The modulating effect of N coordination on single-atom catalysts researched by Pt-Nx-C model through both experimental study and DFT simulation

Abstract

N-doped carbon-based single-atom catalysts (NC-SACs) are widely researched in various electrochemical reactions due to high metal atom utilization and catalytic activity. The catalytic activity of NC-SACs originates from the coordinating structure between single metal site (M) and the doped nitrogen (N) in carbon matrix by forming M-Nx-C structure (1≤ x≤ 4). The M-N4-C structure is widely considered to be the most stable and effective catalytic site. However, there is no in-depth research for the “x” modulation in Pt-Nx-C structure and the corresponding catalytic properties.
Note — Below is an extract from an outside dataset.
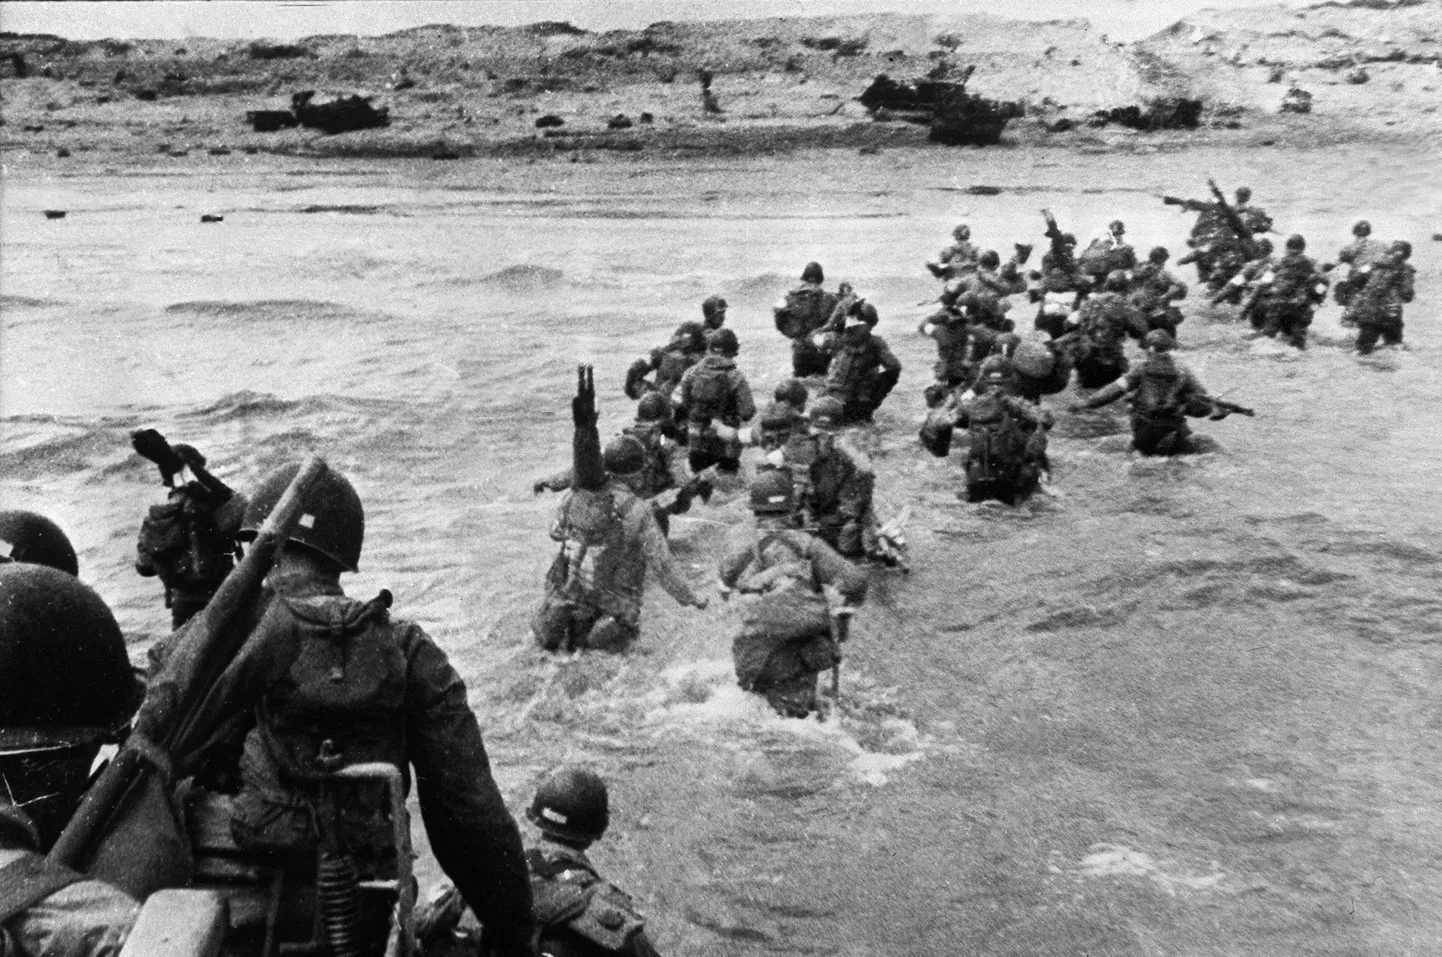 Ajalooline foto USA sõdurites, kes maabusid 6. juunil 1944 Prantsusmaal Normandias. Normandia dessant tõi pöörde teise maailmasõtta

Herein, atomically dispersed Pt on N-doped carbon (Pt-NC) with Pt-Nx-C structure (1≤ x≤ 4), as a research model, is fabricated by a ZIF-8 template and applied to catalytic oxygen reduction. Different carbonization temperatures are used to control N loss, and then modulate the N coordination of Pt-Nx-C structure. The Pt-NC has the predictable low half-wave potential (E1/2) of 0.72 V vs RHE compared to the Pt/C 20% of 0.81V due to low Pt content. Remarkably, the Pt-NC shows a high onset potential (1.10 V vs RHE, determined for j = -0.1 mA cm2) and a high current density of 5.2 mA cm−2, more positive and higher than that of Pt/C 20% (0.96 V) and 4.9 mA cm−2, respectively. As the structural characterization and DFT simulation confirmed, the reducing Pt-N coordination number induces low valence of Pt atoms and low free energy of oxygen reduction, which is responsible for the improved catalytic activity. Furthermore, the Pt-NC shows high mass activity (172 times higher than that of Pt/C 20%), better stability and methanol crossover resistance.